Les navires attendent de passer le canal de Suez sur le grand lac amer. Photographie: Xinhua / REX / Shutterstock

Le temps n’était pas calme. Non seulement il y avait un vent de 30 mph venant du quartier du port – l’arrière gauche – mais il y avait aussi une tempête de sable. Ever Given a quitté son port et est reparti à 8 nœuds. Lorsque j’ai transité par Suez sur un porte-conteneurs en 2010, je me souviens que c’était comme une amble. C’était aussi terne: eau verte, sable, quelques habitations ici et là. Au bout de quelques heures, j’ai compris pourquoi l’équipage l’avait méprisé comme «un fossé dans un désert». Même le premier officier laconique a été ému d’exprimer une opinion: «Du sable, du sable, du sable». L’accident semble impossible, ai-je dit au commandant de bord à l’époque, alors que nous nous tenions sur la passerelle pendant que le pilote somnolait. «Faux», dit-il.

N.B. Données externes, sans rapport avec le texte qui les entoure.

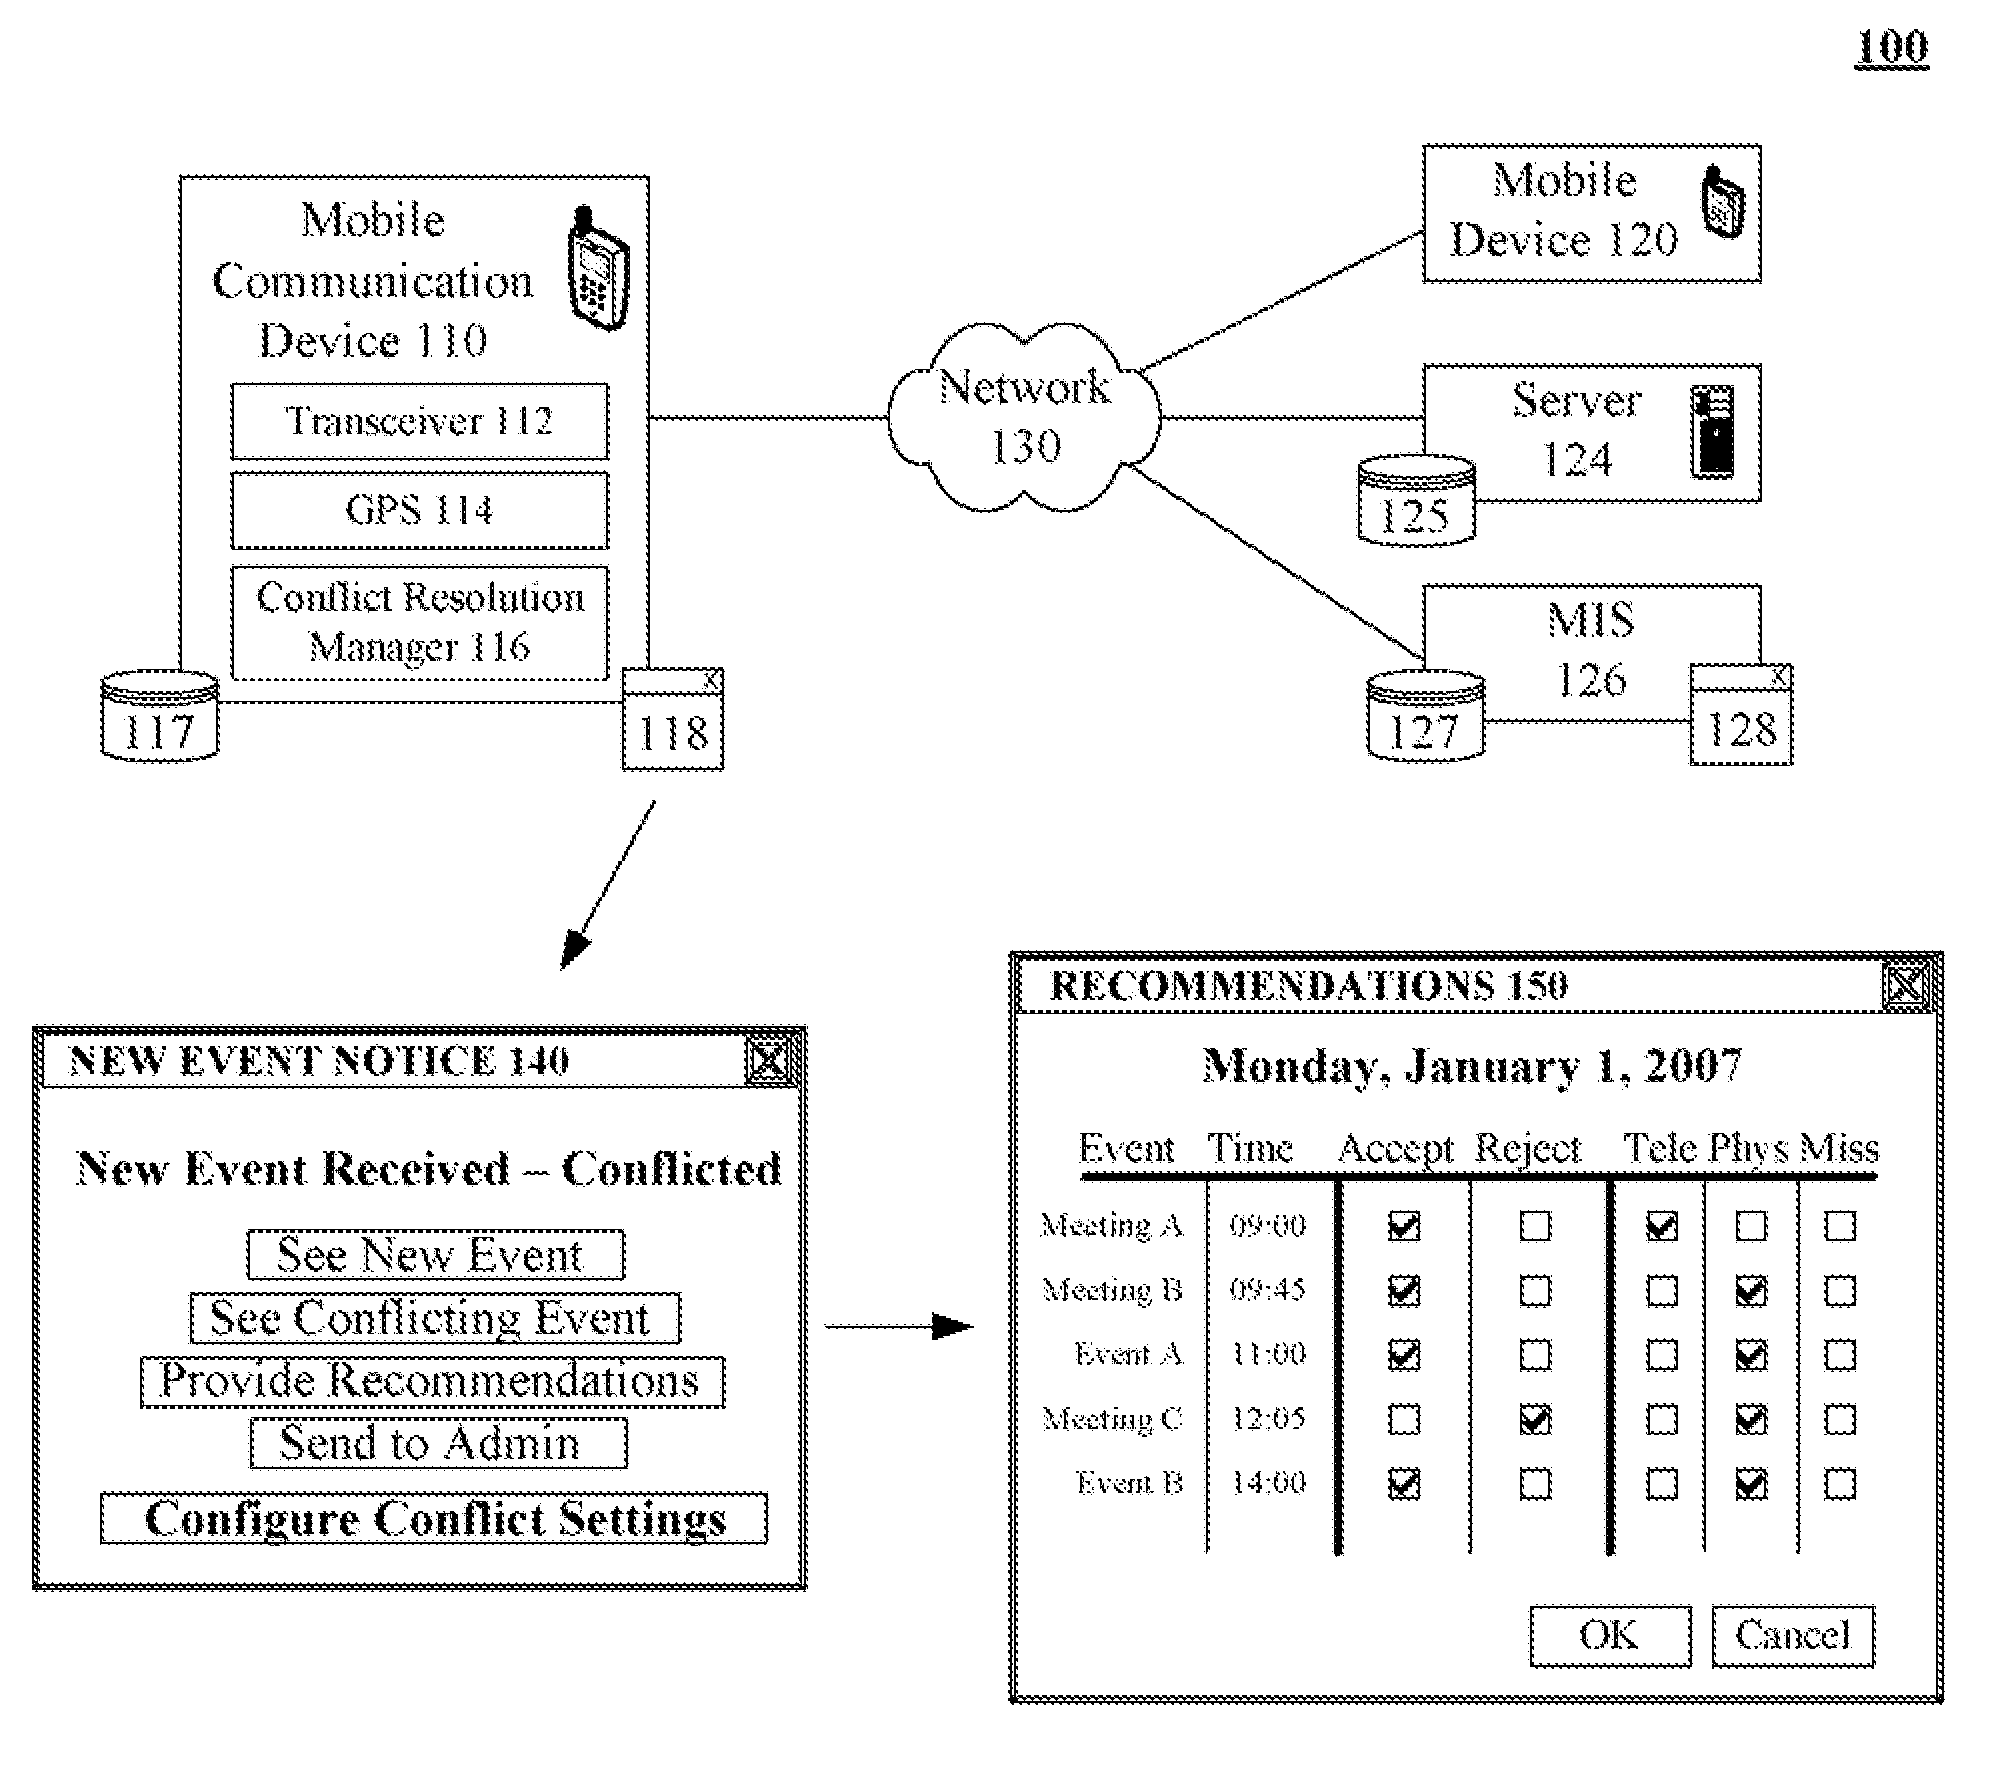 Conflict resolution mechanism for managing calendar events with a mobile communication device

Une fois, se souvient-il, il quittait le terminal à conteneurs pour entrer dans le canal lorsque le pilote a échoué le navire sur le sable. Le commandant de bord est intervenu en annulant le pilote, a fait descendre le navire de la rive, puis a fait une pause bien méritée. «Quand je suis revenu, j’ai dit: ‘Où est ce putain de pilote?’» Puis j’ai vu sa tête se relever. Il était sur le pont, en train de prier.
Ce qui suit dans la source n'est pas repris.